Semiconductor systems are actually electronic components that take advantage of the electronic properties of the semiconductor materials like silicon, germanium, and gallium arsenide. With the invention of the semiconductor devices have replaced most of the most of the vacuum tube applications. The replaced semiconductor system uses solid state instead of thermionic or gaseous state in a high vacuum.
A semiconductor device is manufactured as either single discrete device or as integrated circuits. The integrated circuits contain a few number to a few million devices interconnected to a single semiconductor substrate. The reason why the semiconductor materials are used in manufacturing most devices is that the behavior of a semiconductor can easily be controlled by adding impurities which is otherwise called as doping. Conduction in a semi conductor occurs through free electrons which on the whole are called as the charge carriers.

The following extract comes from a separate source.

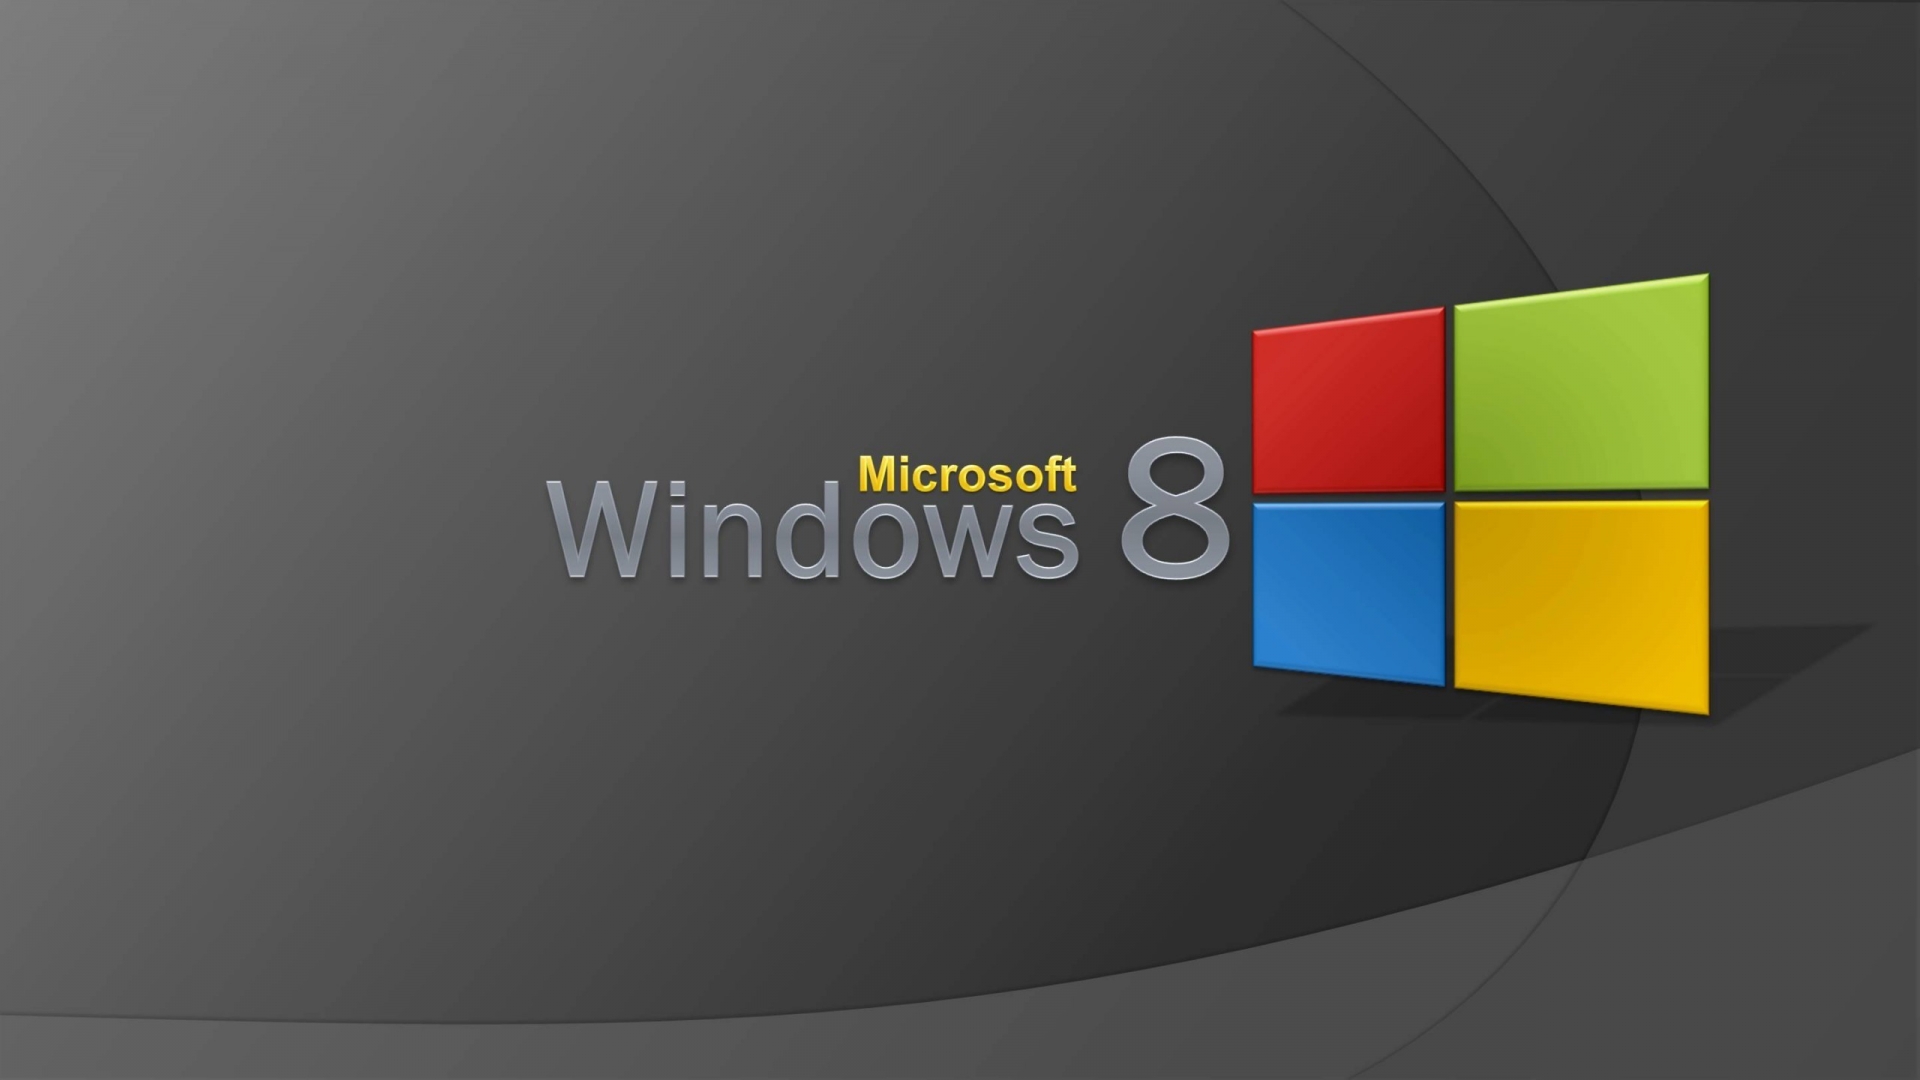 Microsoft Windows 8 for 1920 x 1080 HDTV 1080p resolution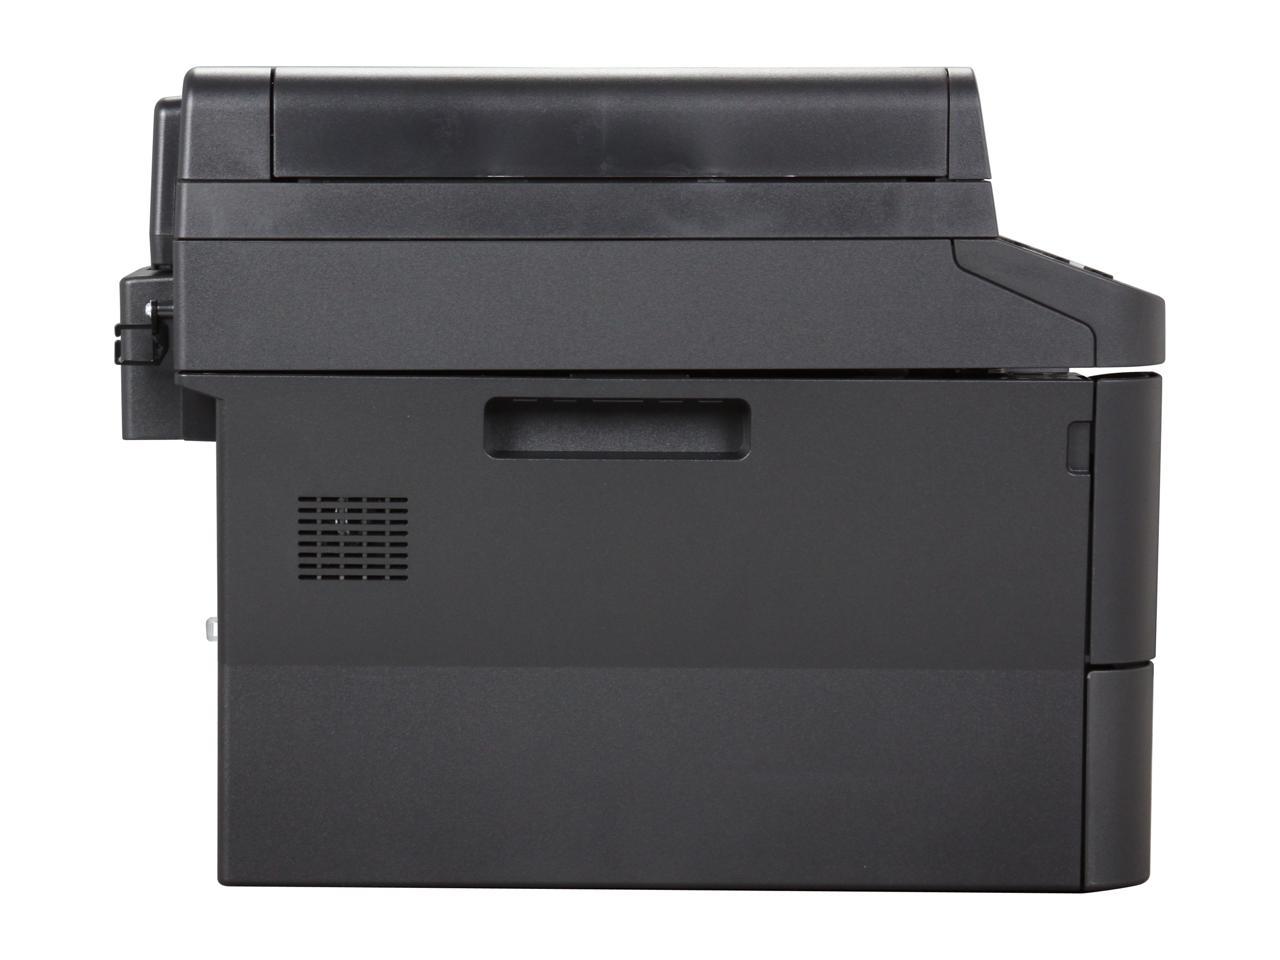 Brother MFC-7460DN Monochrome Multifunction Laser Printer

By using the doping technique one can increase the number is free electrons within the semiconductor. After doping when the semiconductor contains many free electrons, it is called as the n-type and when the semiconductor forms number of wholes it is called as the p-type. A semiconductor material is generally doped under extremely controlled conditions in a fabrication facility to control the location and concentration of the dopant. The junction where the p-type and n-type semiconductor join together is called as the pn junction.
So far silicone was widely used material in the semiconductors industry. This is due to the low cost and the simple usage and useful temperature range which makes silicone the most preferred material in the semiconductor systems. Earlier Germanium was used widely but after the invention of silicon germanium was replaced since the germanium material's thermal sensitivity makes it less productive and useful. However germanium is used alloyed with silicone, which is used in high speed SiGe devices.
Gallium Arsenide is also widely used mainly in high speed devices but due to the limitations of the material silicon is preferred by most manufacturers. The other materials that are widely used are Silicon carbide and various other indium components like indium arsenide, indium antimonide, and indium phosphide are also used in LED's and solid state laser diodes. Selenium sulfide is now taken into consideration to be used in semiconductor systems for the manufacturing of photovoltaic solar cells.
A list of Surplus Semiconductor Equipment and devices includes Avalanche diode, DIAC, Diode, Gunn diode, IMPATT diode, Laser diode, Light-emitting diode, Photocell, PIN diode, Schottky diode, Solar cell, Tunnel diode, VCSEL, VECSEL, Zener diode are two terminal devices. The three terminal devices includes Bipolar transistor, Darlington transistor, Field effect transistor, GTO, IGBT, SCR (Silicon Controlled Rectifier), SGCT (Switched Gate Commuted Thyristor), Thyristor, TRIAC, Unijunction transistor. The four terminal devices includes Hall Effect sensor (magnetic field sensor), Multi-terminal devices comprises of Charge-coupled device (CCD), Microprocessor, Random Access Memory (RAM), Read-only memory (ROM) and the list goes on.